Werner Krämer was the son of a musician . Until 1929 he attended elementary school. He then began an apprenticeship as a stone and offset printer in the Eisenacher Zeitung print shop, which he continued from the beginning of 1932 at the Mitteldeutsche Zeitung in Erfurt . After the journeyman's examination in 1933, he stayed there as a printing assistant, but was then dismissed due to a lack of work.

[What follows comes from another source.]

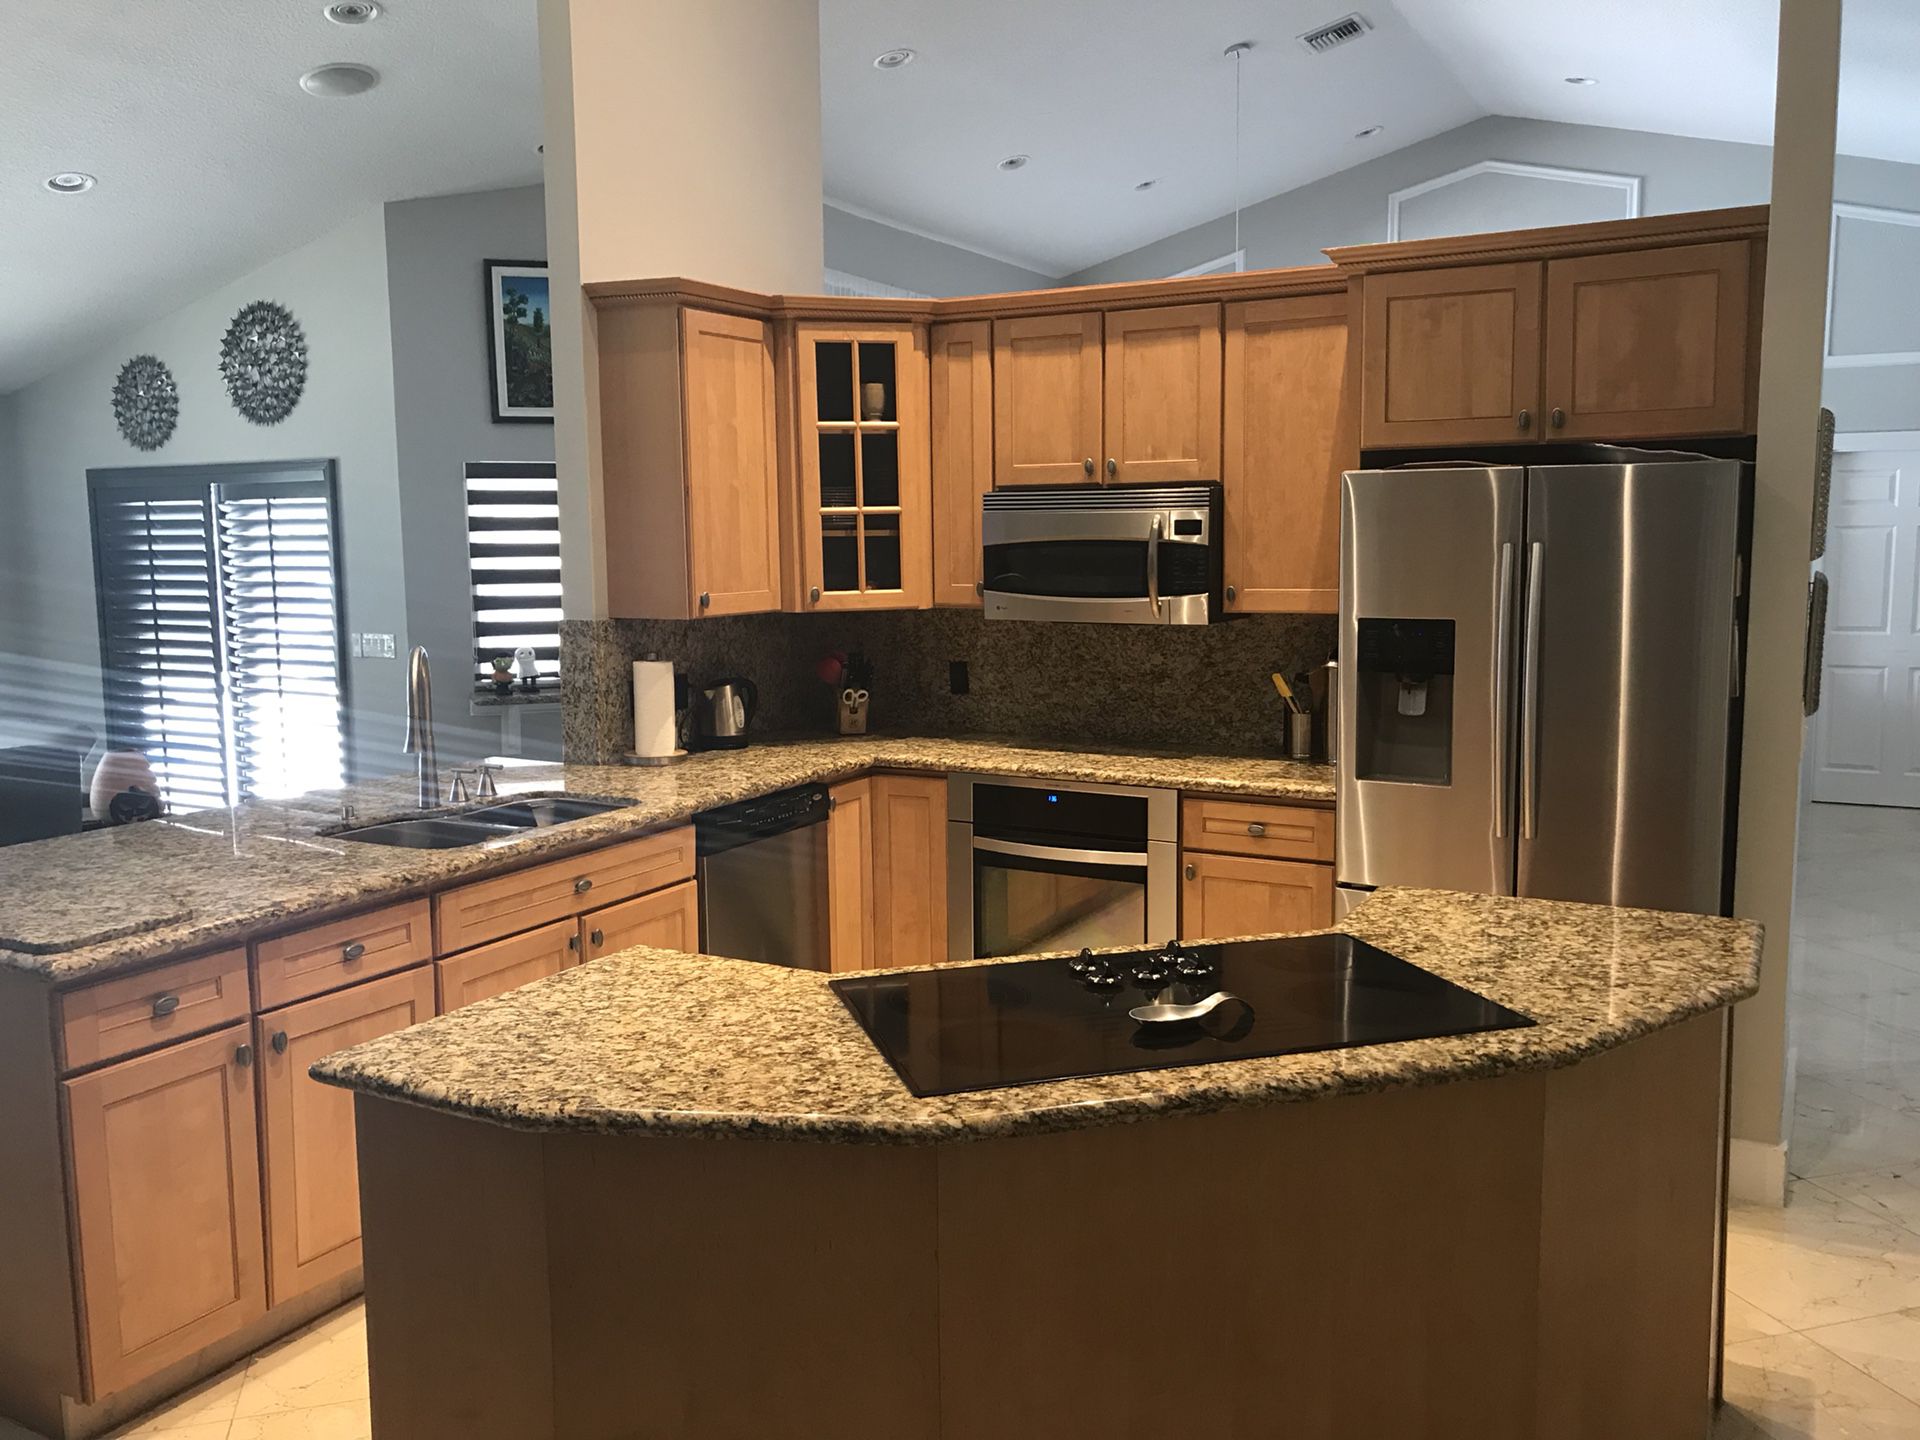 Kitchen cabinets and appliances

From April 1933, Krämer belonged to the SA . In November 1934 he volunteered for the Reichswehr and completed twelve months of military service. He then worked briefly as an industrial laborer. Afterwards he joined the SS-Totenkopfverband "Elbe". From June 1936 he was employed in the guards of the Lichtenburg concentration camp in Prettin . In 1937 he joined the NSDAP . In August 1937 he was on guard duty in the office of the Thuringian Gauleiter Fritz Sauckel in Weimar . In May 1938 he was delegated to the SS-Totenkopfstandard "Brandenburg" in Oranienburg . Here he was initially a member of the security team from Sachsenhausen concentration camp. In 1939 he was transferred to the command staff of the Sachsenhausen concentration camp and used as a block and work command leader. In autumn 1941 he participated in the mass murder of Soviet prisoners of war. At the end of 1943 he was transferred to the Herzogenbusch concentration camp in the Netherlands , where he worked as a block leader. In 1944, Krämer was withdrawn to serve on the front in the east.

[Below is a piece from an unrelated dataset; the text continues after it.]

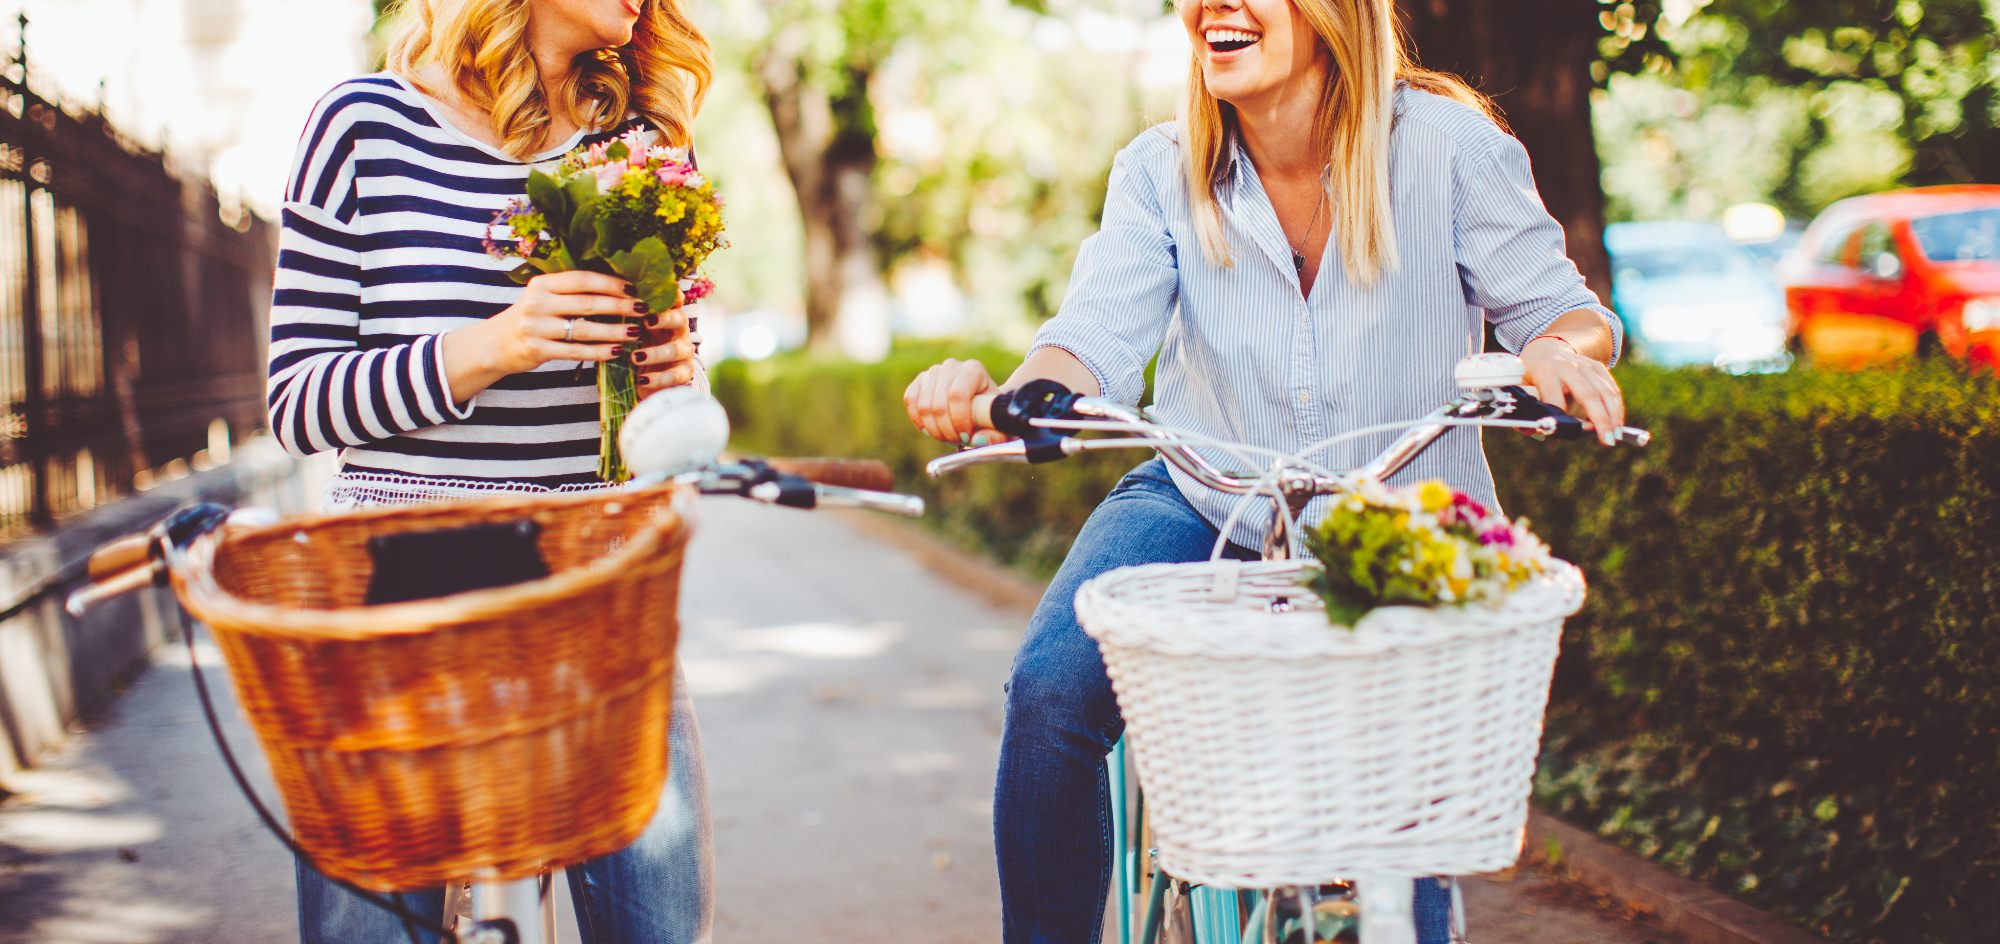 two friends on bikes smiling with flowers in their baskets

After the end of the war he was taken prisoner by the Americans in Tyrol , where he suffered a gunshot wound. The US military authorities handed him over to the French troops. Until May 1948 he was imprisoned in the internment camps Auxonne and Altschweier . After his release, he settled in Hesse and worked in agriculture. At the beginning of the 1950s he found work again in his profession as a printer . In 1964 he was arrested and was in custody . In May 1965 he was on trial in the first Sachsenhausen trial in Cologne , where he was charged with participating in the mass murder of Soviet prisoners of war. On May 28, 1965, he was sentenced to one year and eight months in prison by the Cologne Regional Court .

literature

Individual evidence

  1. ^ A b c Günter Morsch: The Concentration Camp SS 1936-1945: Division of labor in the Sachsenhausen concentration camp . Berlin 2018, p. 291.
  2. ^ A b c Günter Morsch: The Concentration Camp SS 1936-1945: Division of labor in the Sachsenhausen concentration camp . Berlin 2018, p. 292.
  3. ^ A b c Günter Morsch: The Concentration Camp SS 1936-1945: Division of labor in the Sachsenhausen concentration camp . Berlin 2018, p. 293.
  4. ^ Stephanie Bohra: Tatort Sachsenhausen: Prosecution of concentration camp crimes in the Federal Republic of Germany . Metropol Verlag, Berlin, 2019, ISBN 978-3863314606 , p. 600.